### DATASET EXTRACT
============
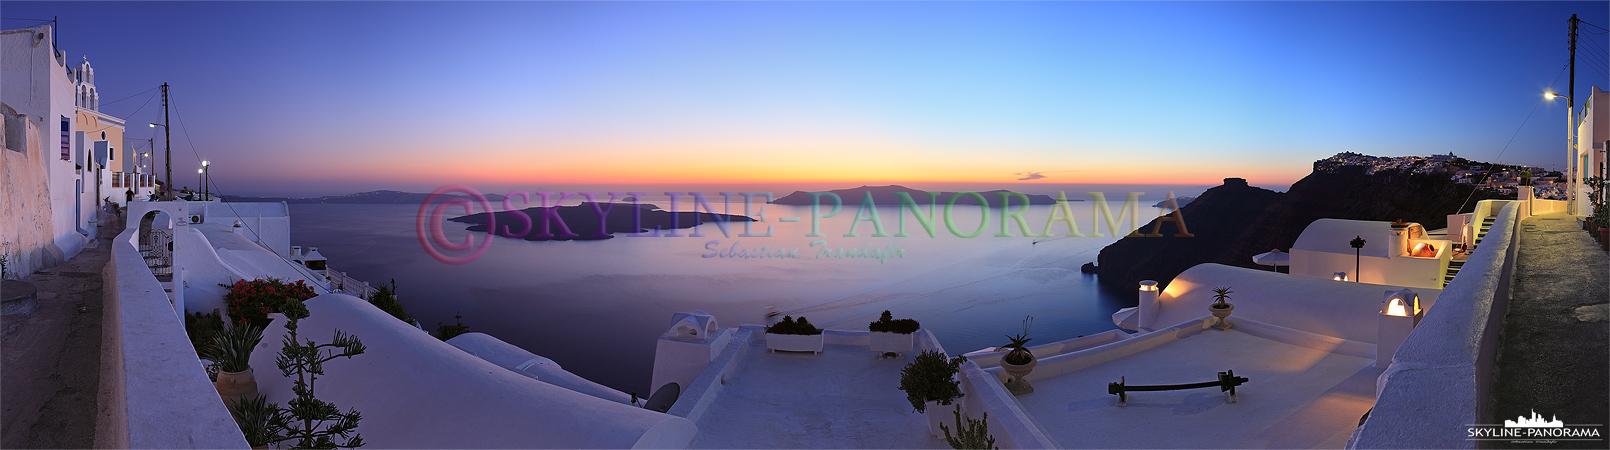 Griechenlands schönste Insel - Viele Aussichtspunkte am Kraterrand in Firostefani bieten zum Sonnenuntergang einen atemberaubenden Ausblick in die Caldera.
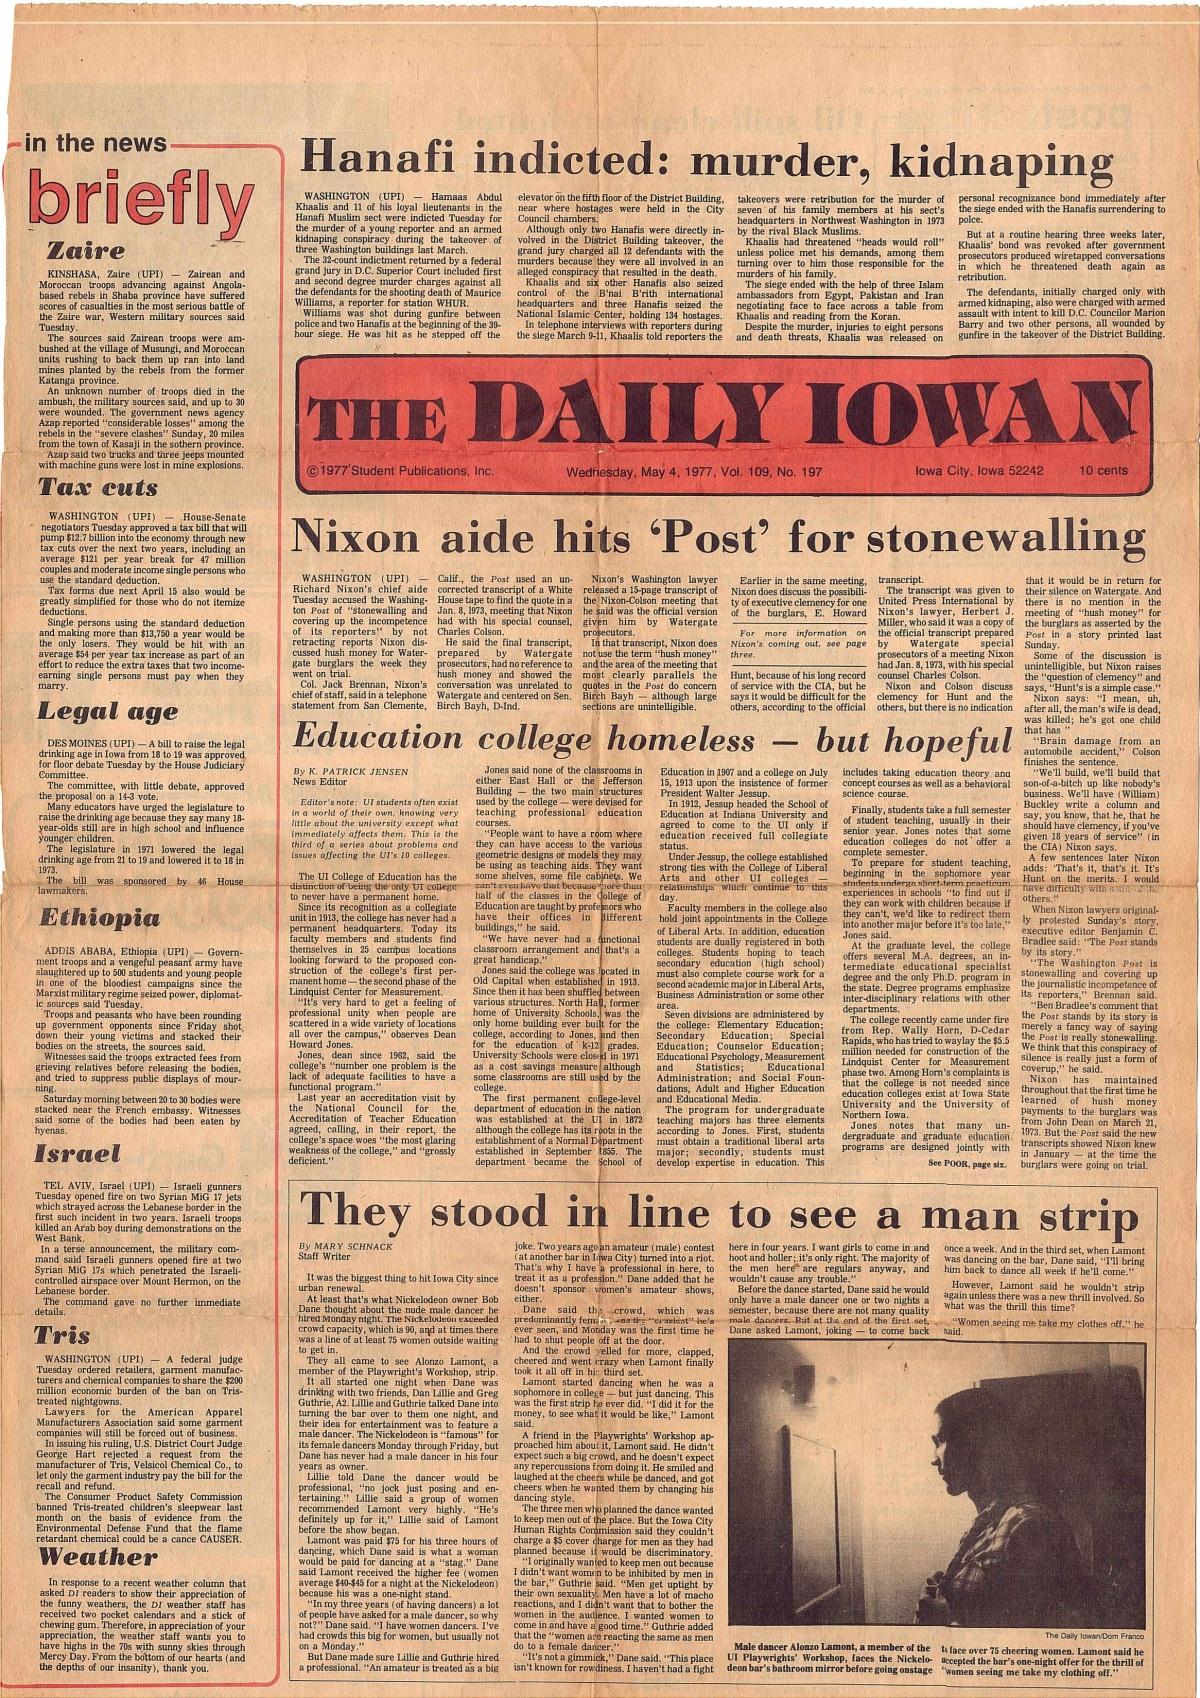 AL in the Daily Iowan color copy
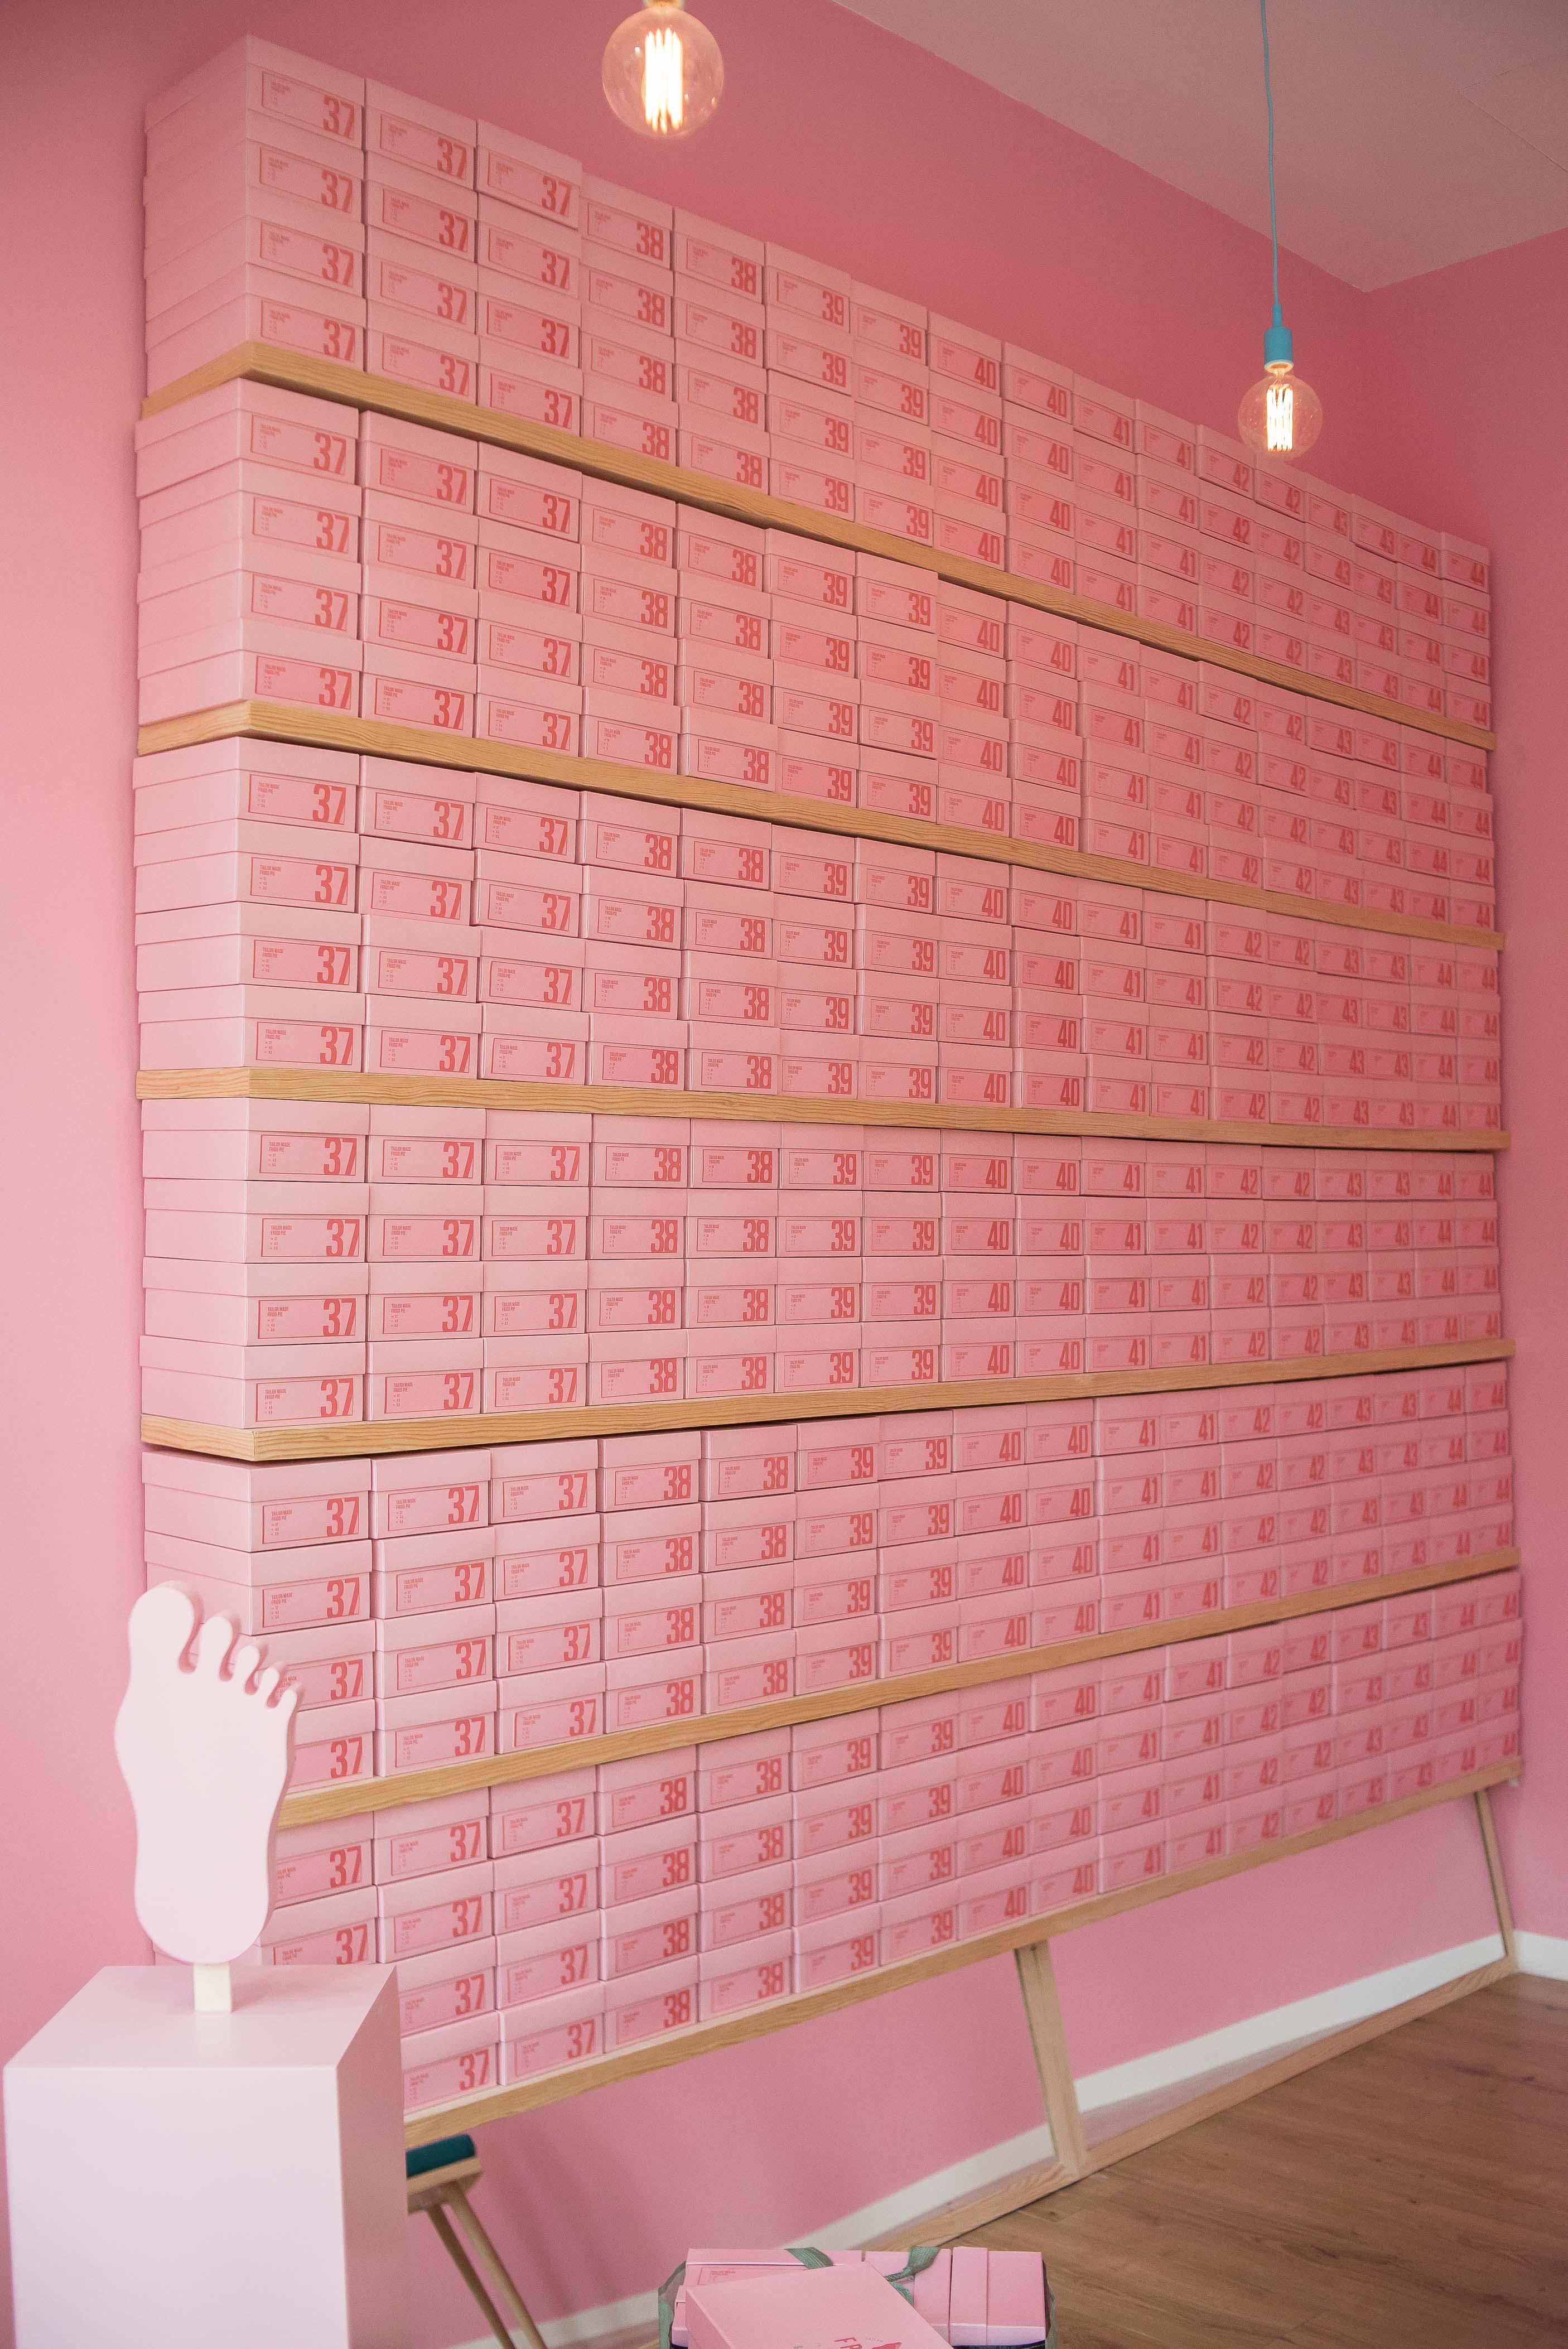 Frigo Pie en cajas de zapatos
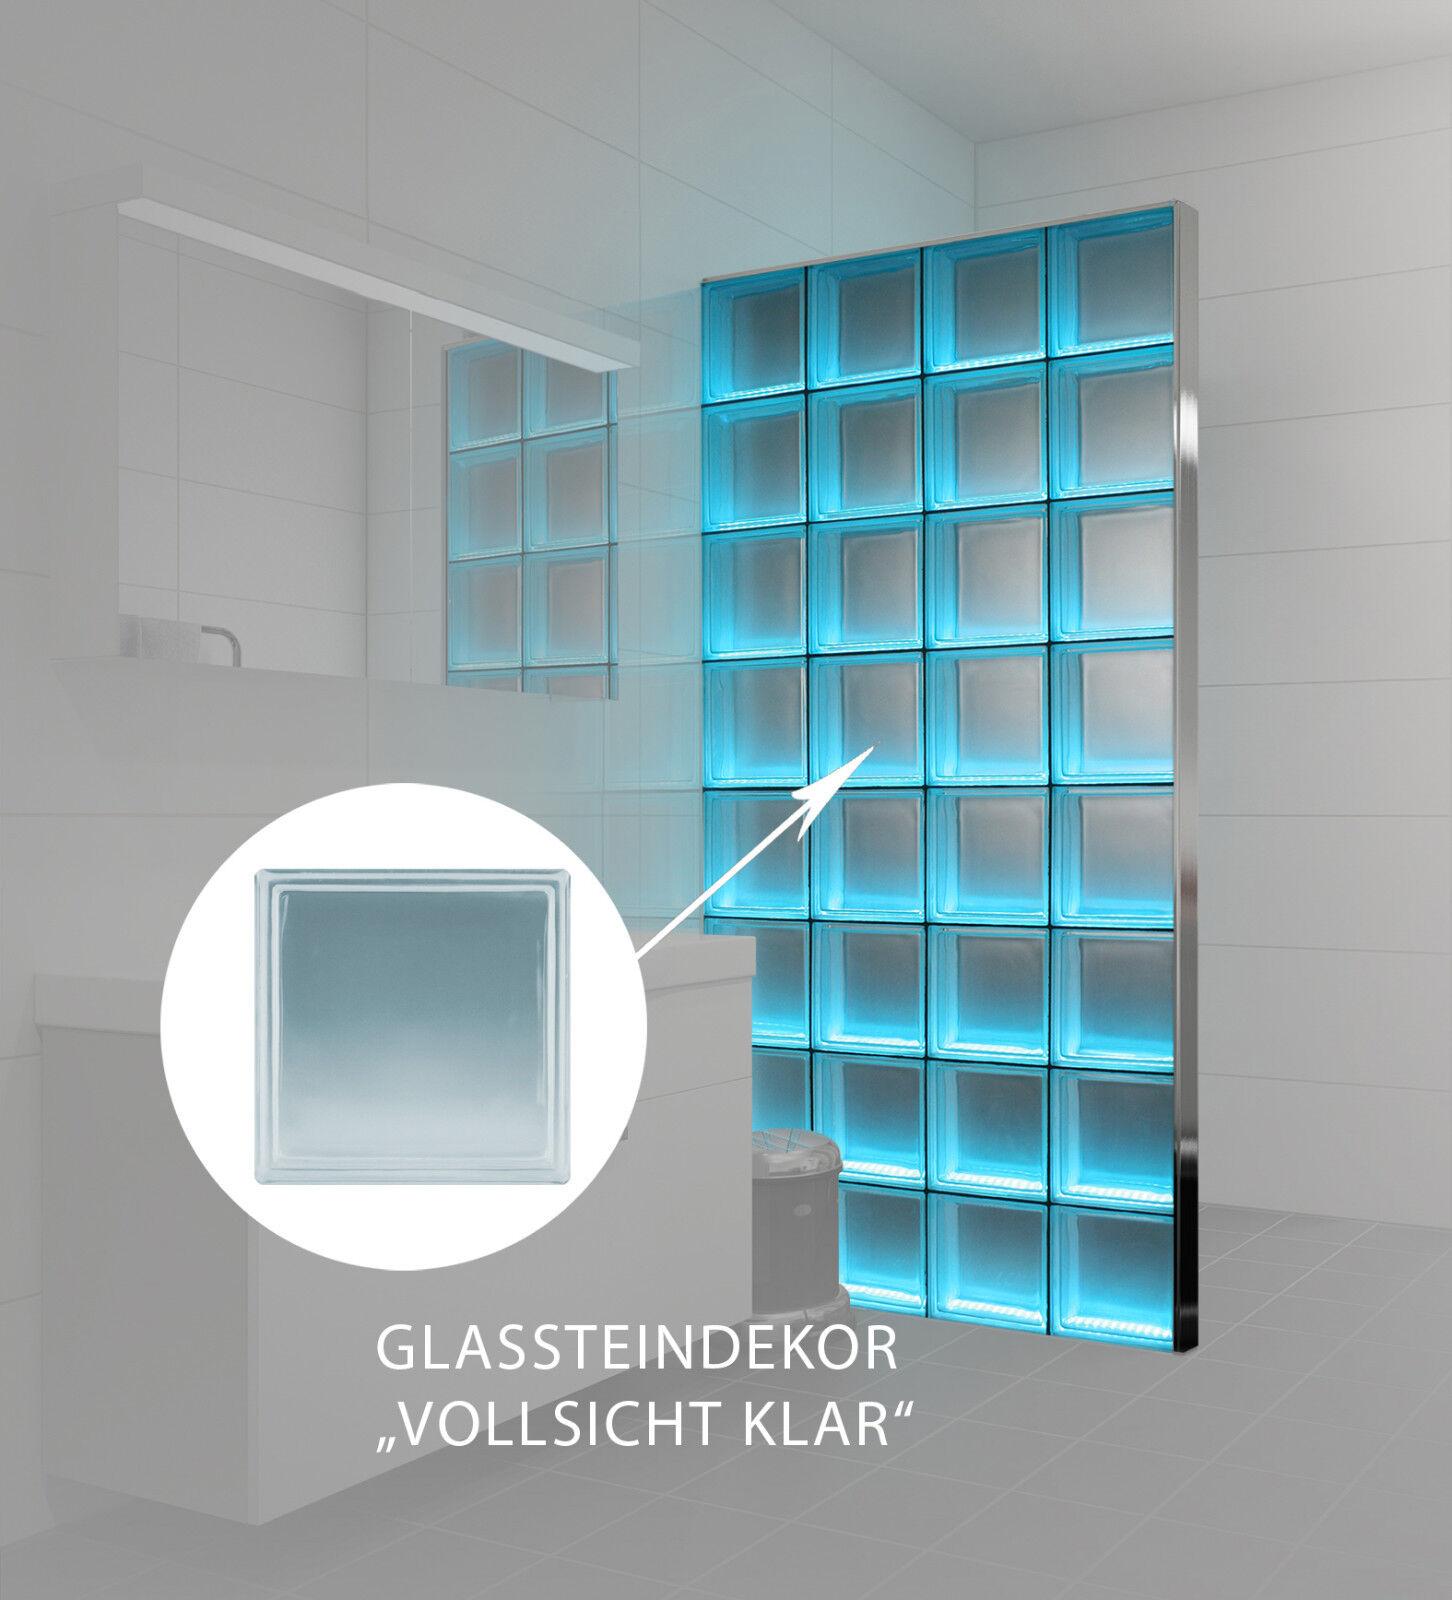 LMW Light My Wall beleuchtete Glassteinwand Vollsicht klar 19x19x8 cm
============
Every line from the one containing "AL in the Daily Iowan color copy" through the end of the listing is to be copied exactly; the pictures are not.

 AL in the Daily Iowan color copy
 Frigo Pie en cajas de zapatos
 LMW Light My Wall beleuchtete Glassteinwand Vollsicht klar 19x19x8 cm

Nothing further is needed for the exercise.